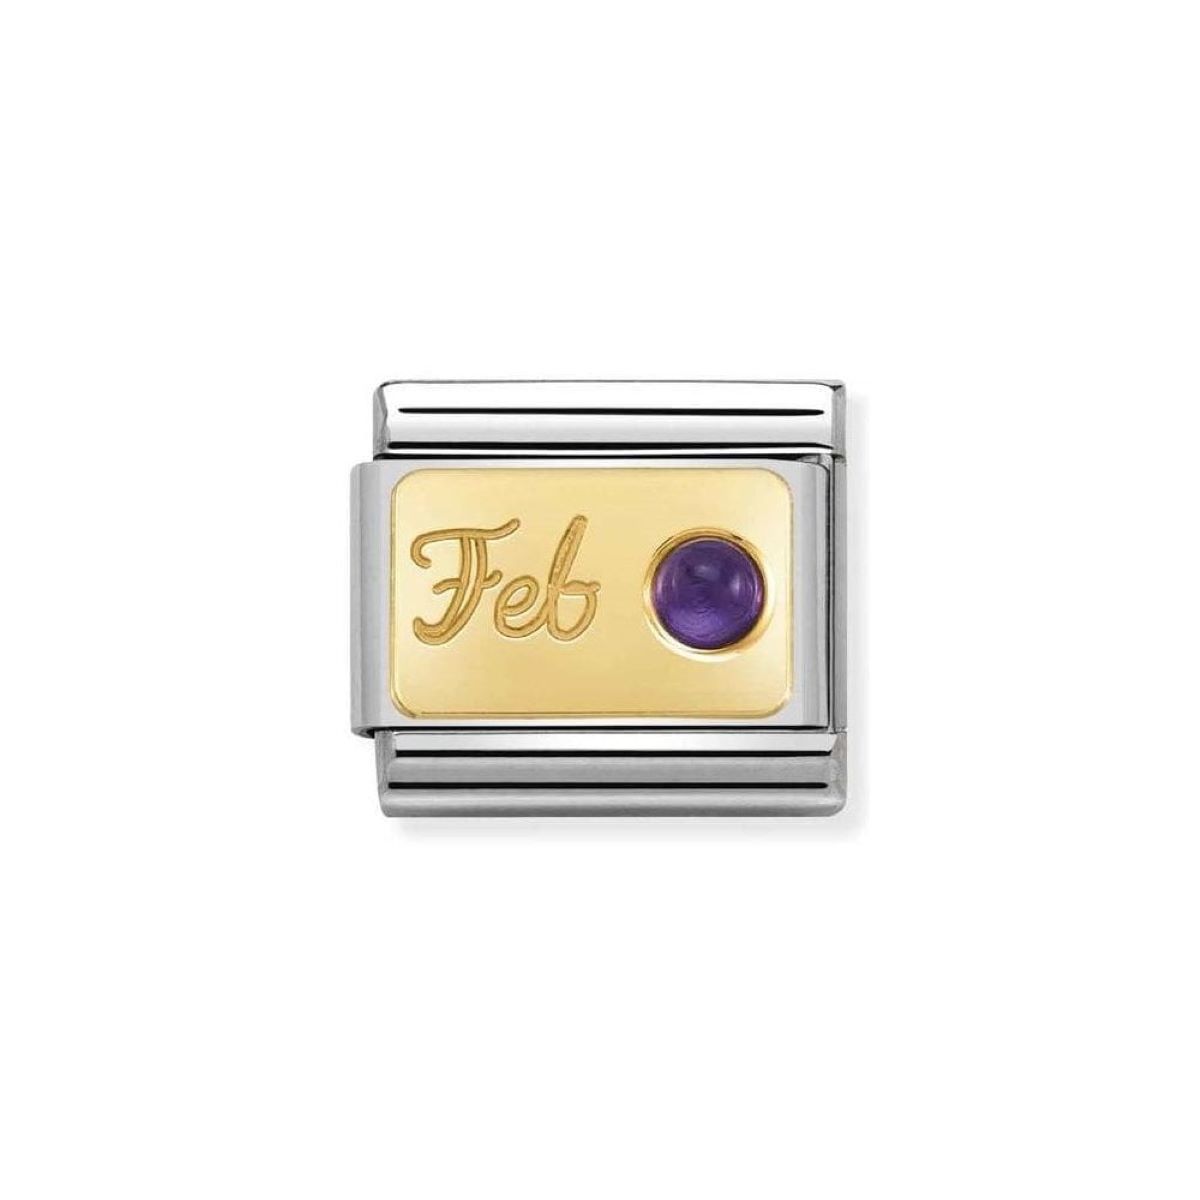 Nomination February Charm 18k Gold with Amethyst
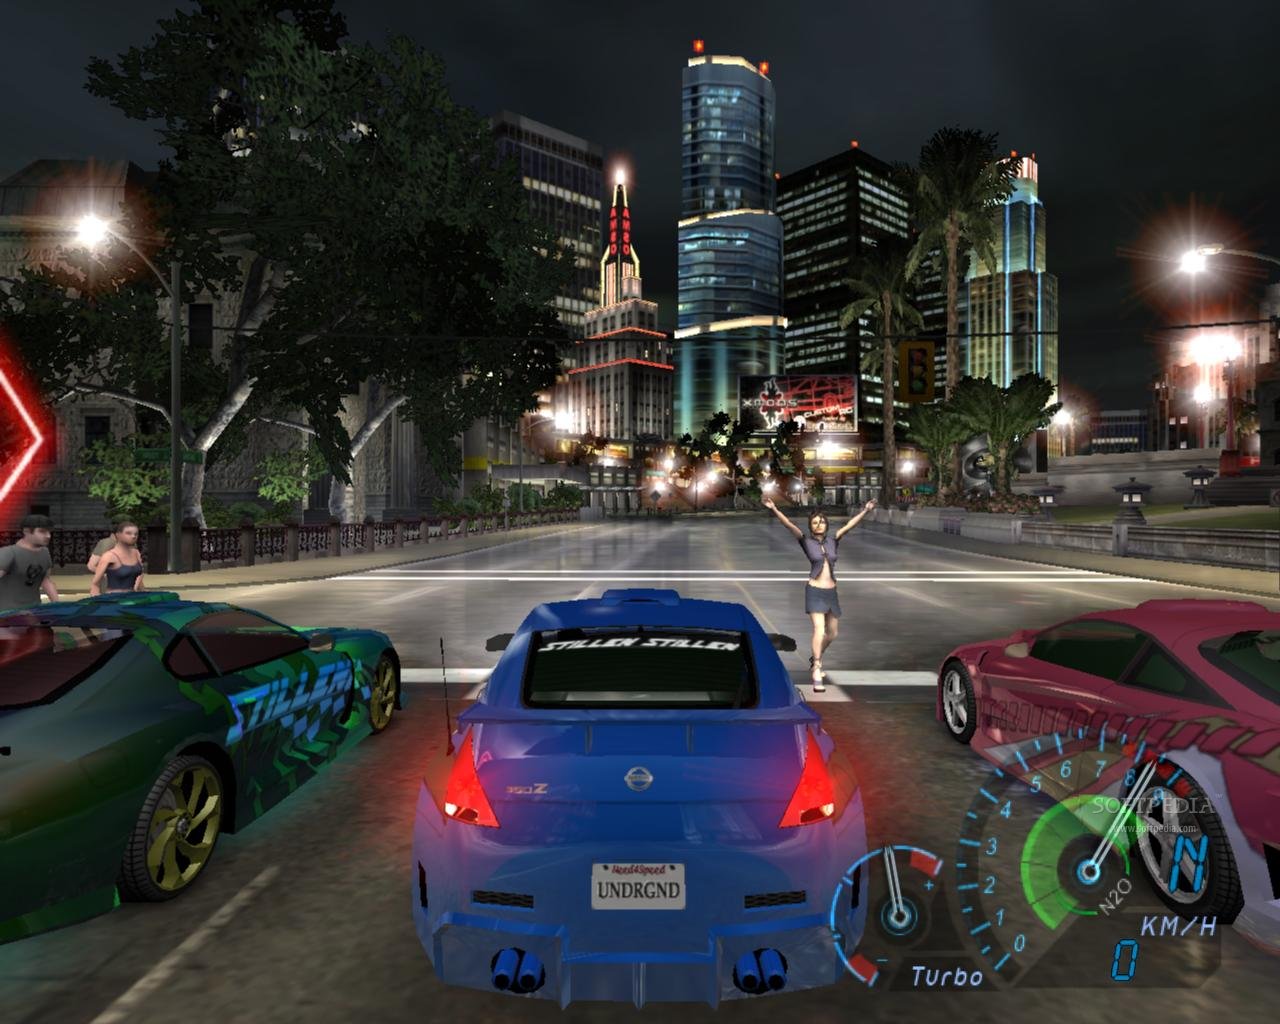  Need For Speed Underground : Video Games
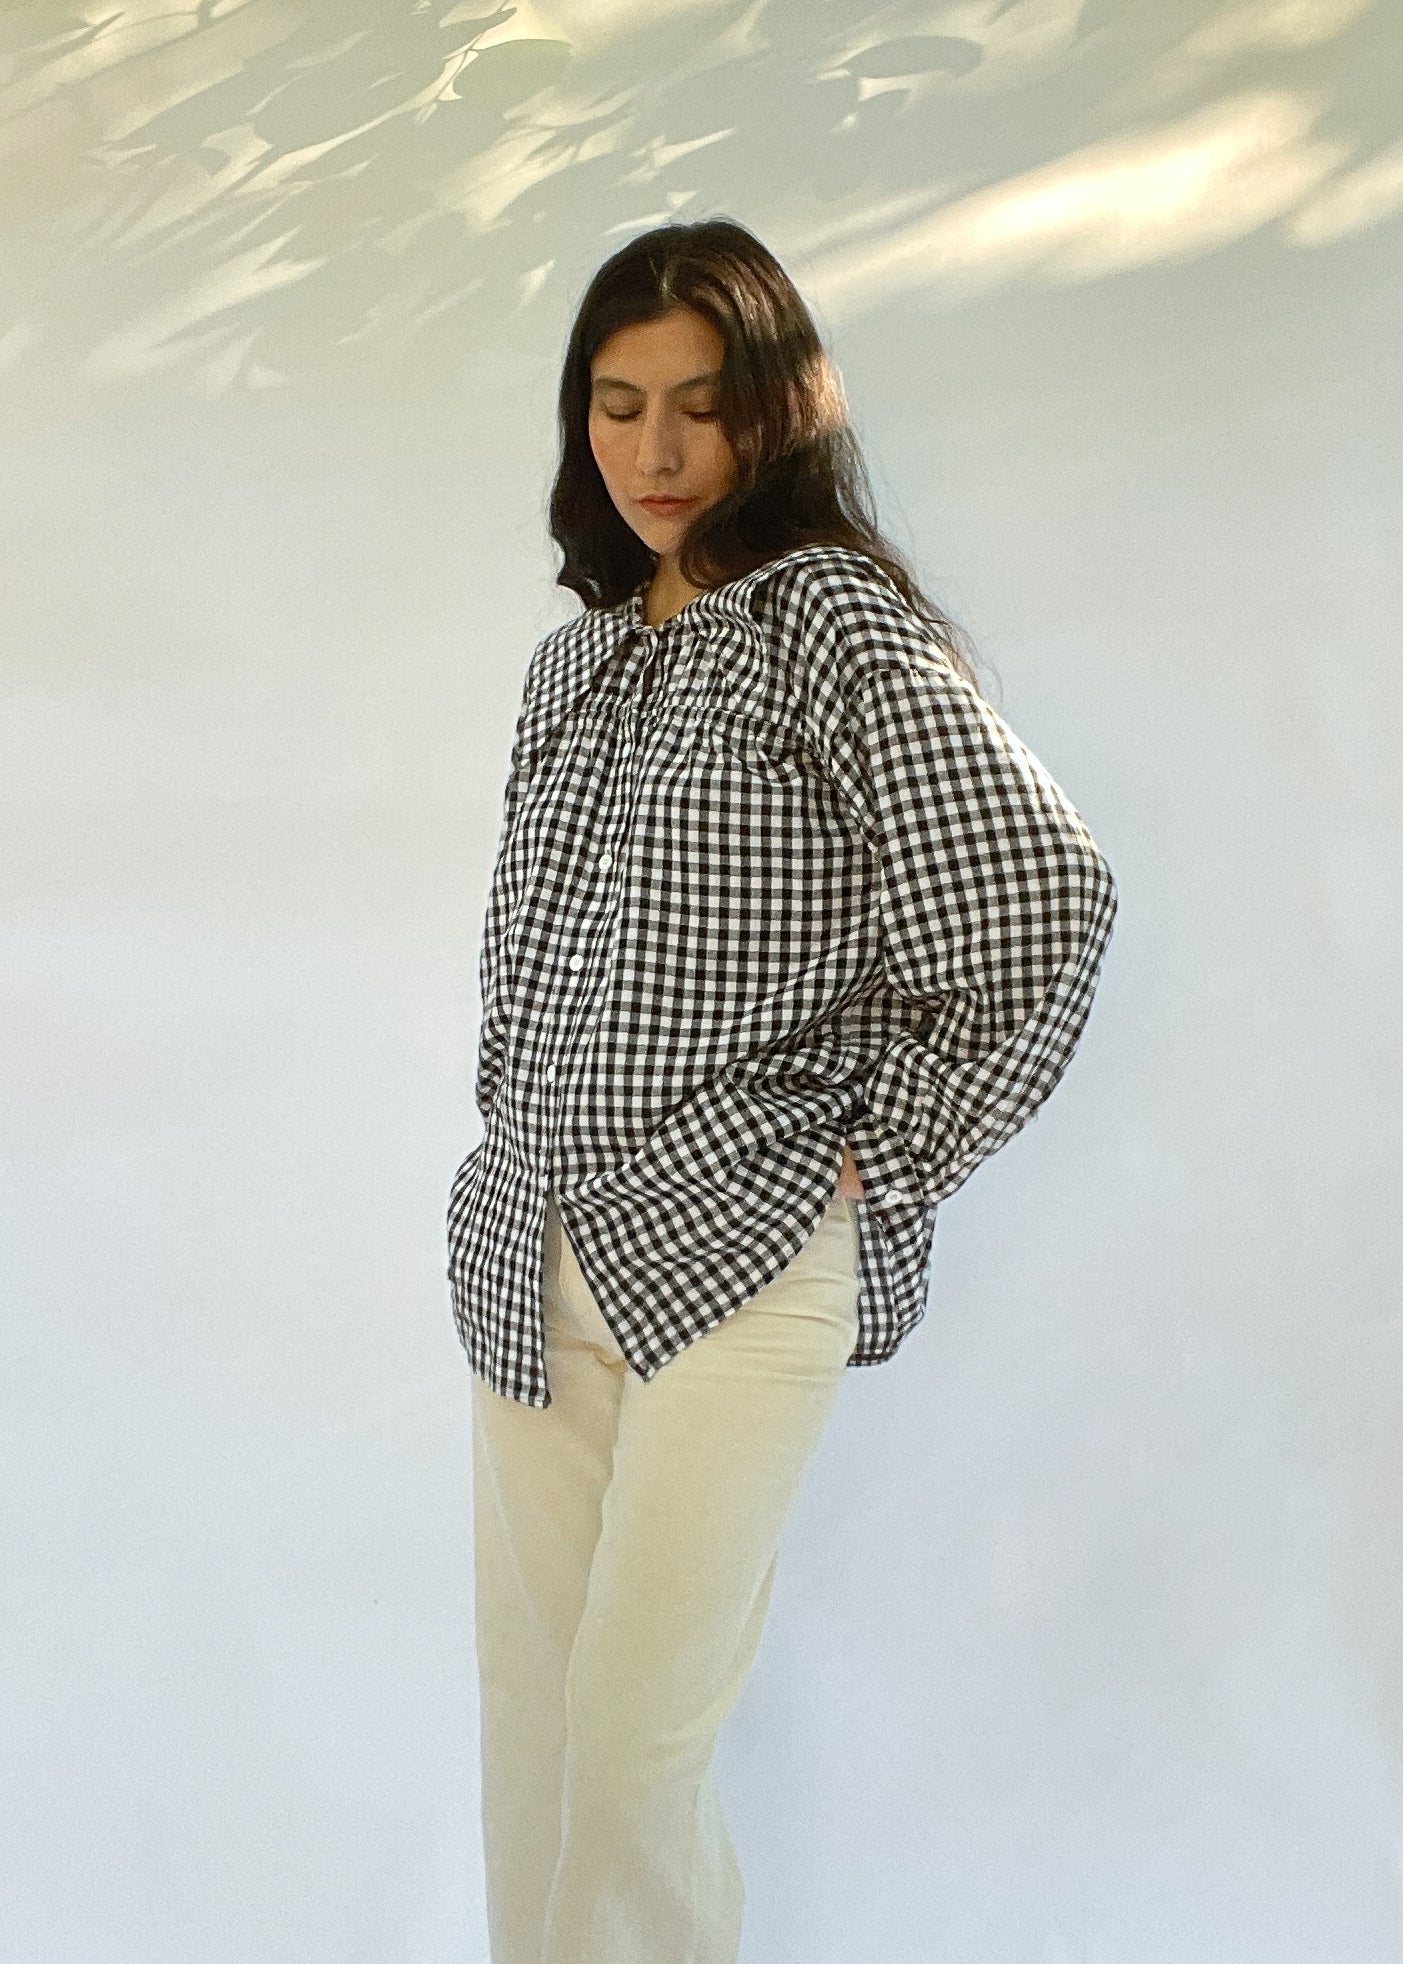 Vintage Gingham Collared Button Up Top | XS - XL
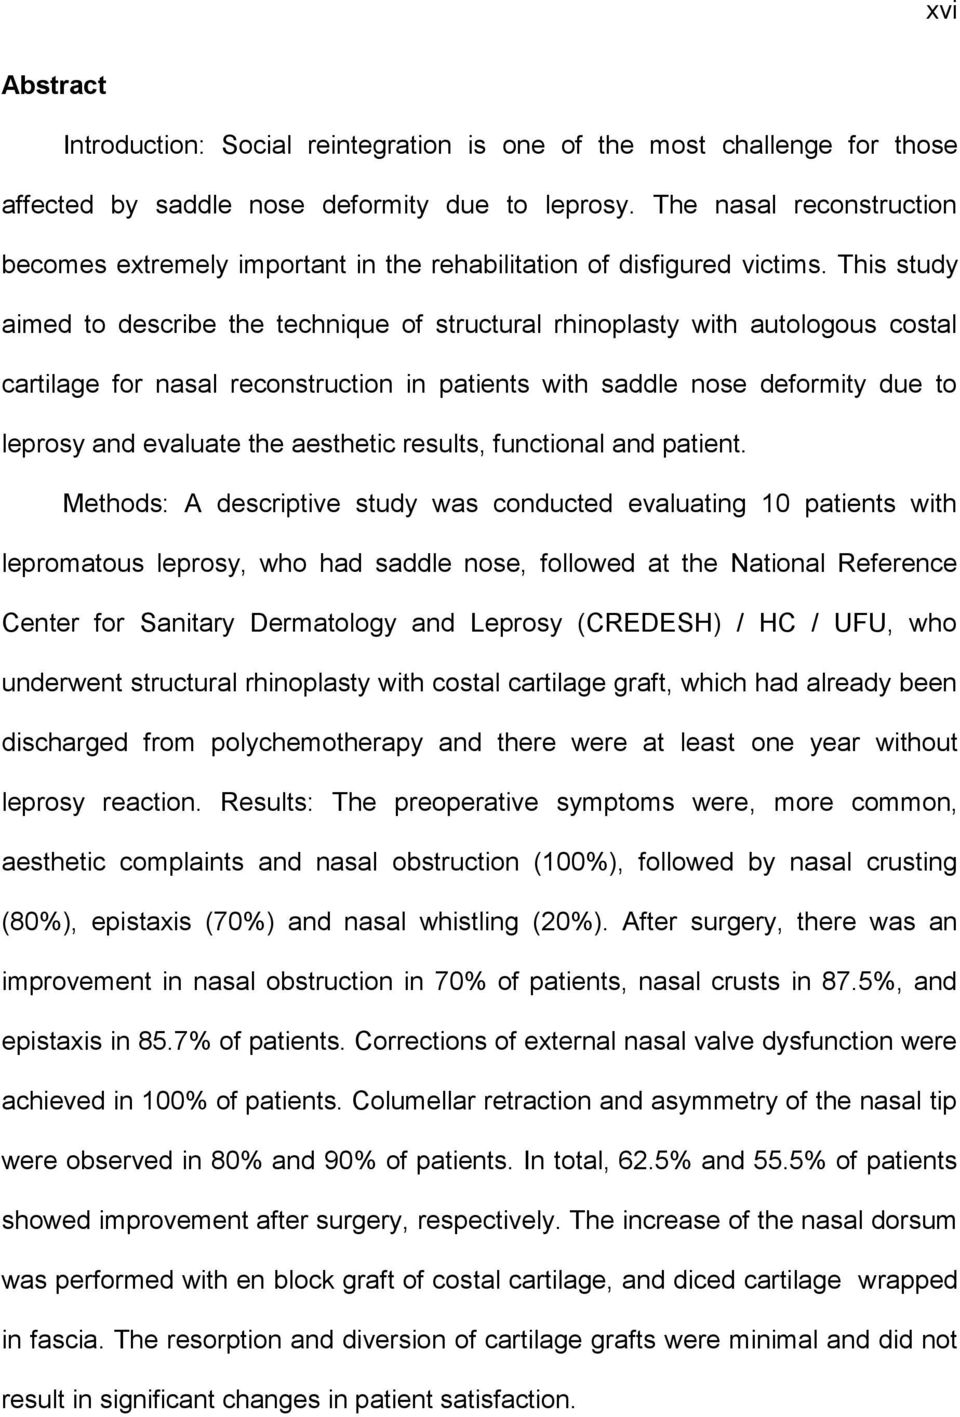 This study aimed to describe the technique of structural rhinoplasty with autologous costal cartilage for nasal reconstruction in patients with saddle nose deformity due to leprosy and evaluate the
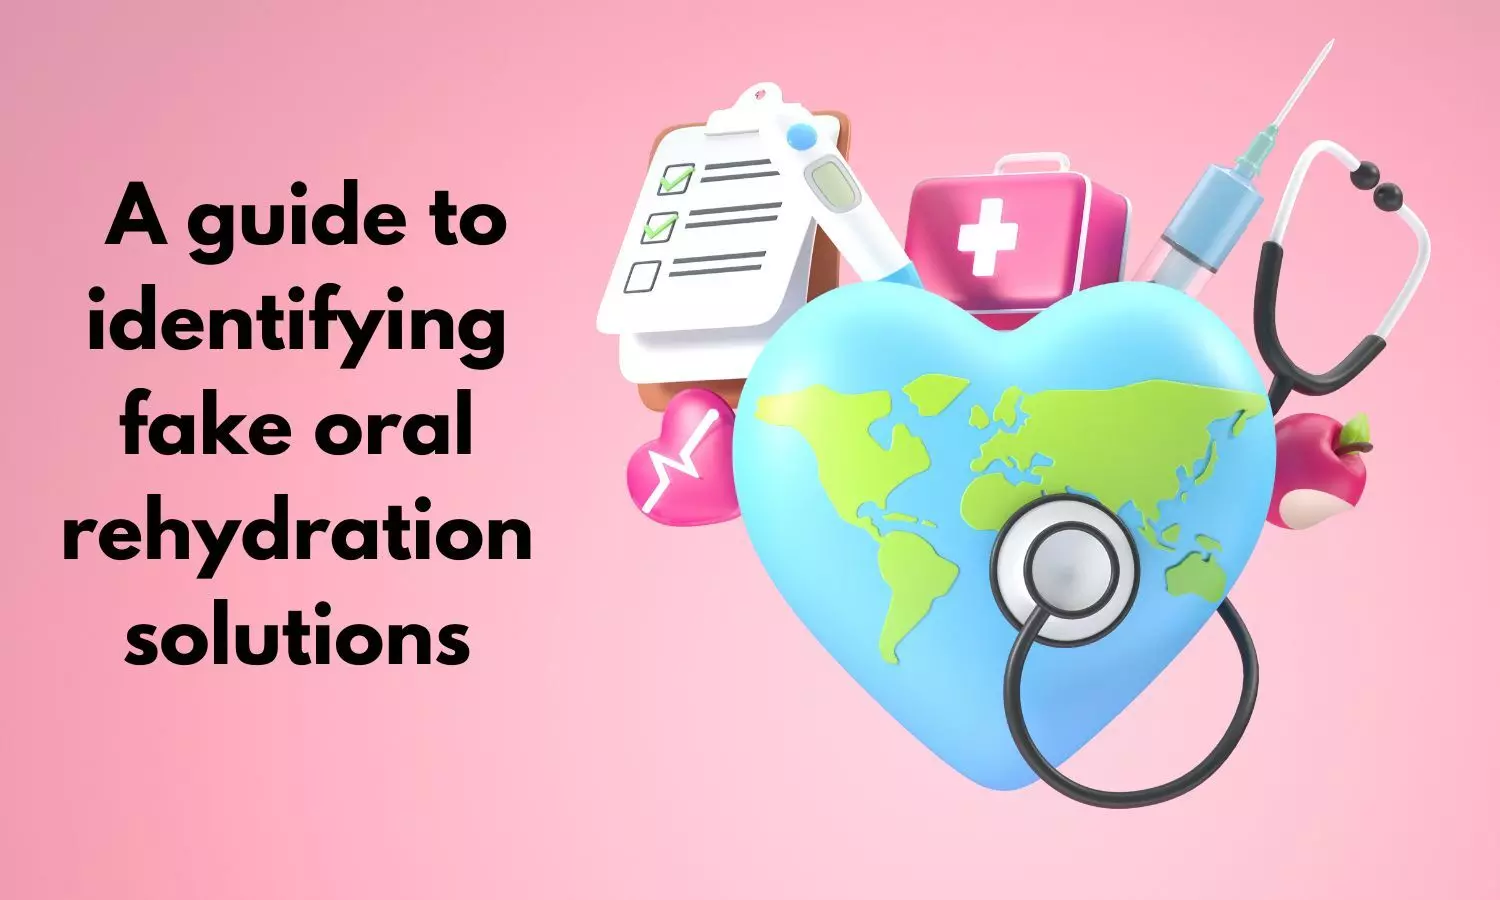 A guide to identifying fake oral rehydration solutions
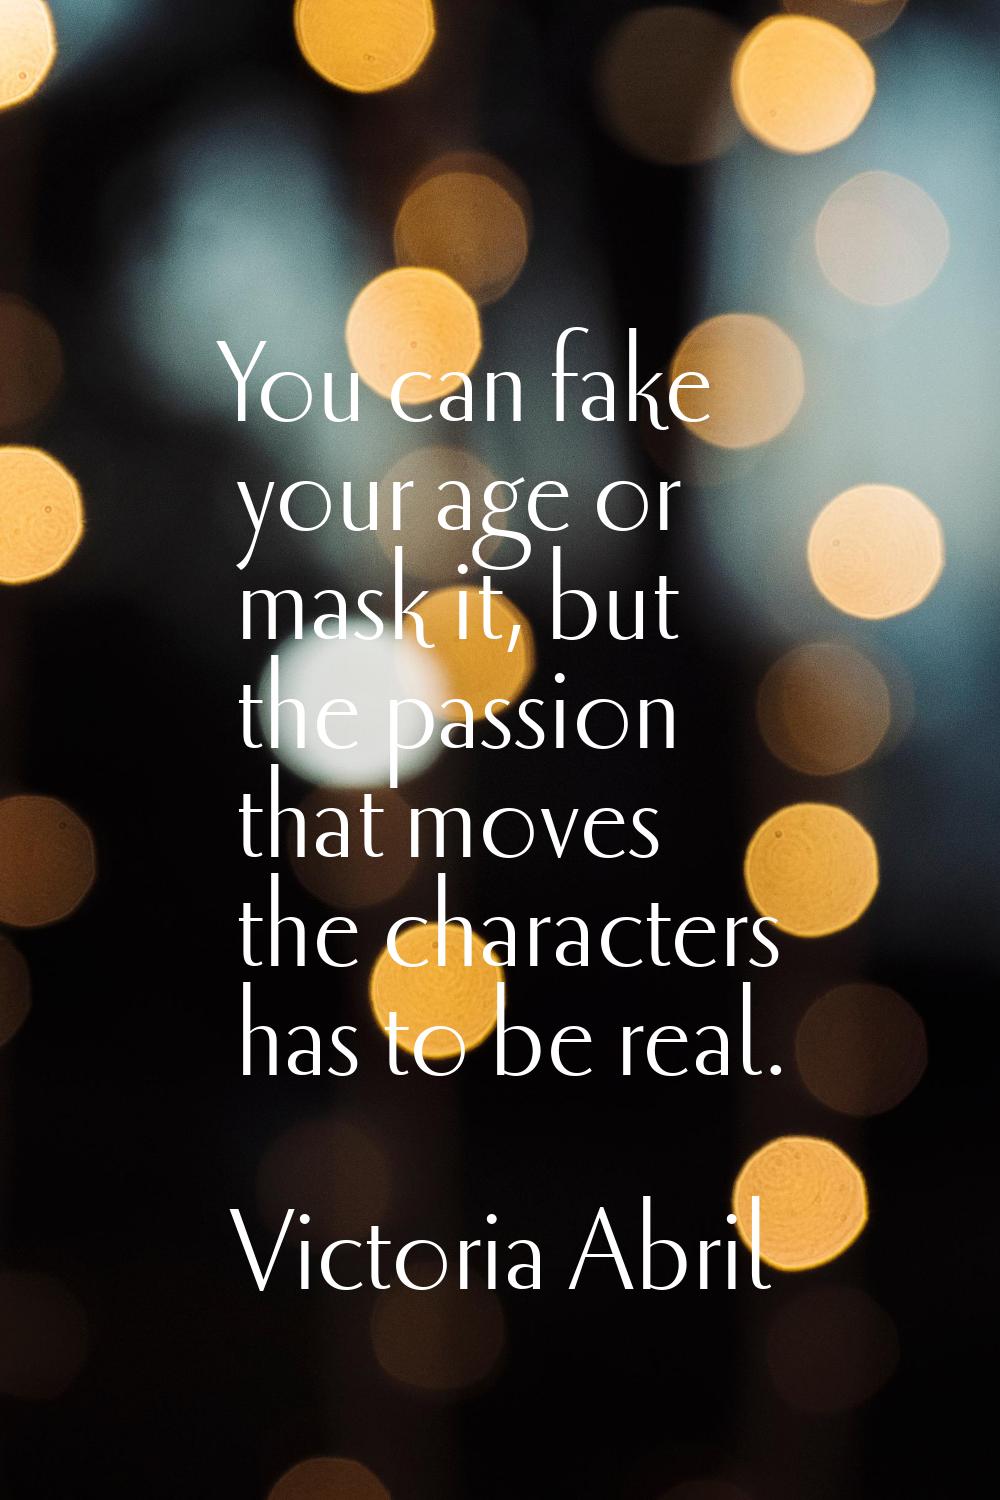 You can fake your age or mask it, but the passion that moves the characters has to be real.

==================================================

What is expected: Word for word and without pictures, restate only the lines running from the one that contains "A guide to identifying" through the last line of the listing above.

Response:
 A guide to identifying fake oral rehydration solutions
 You can fake your age or mask it, but the passion that moves the characters has to be real.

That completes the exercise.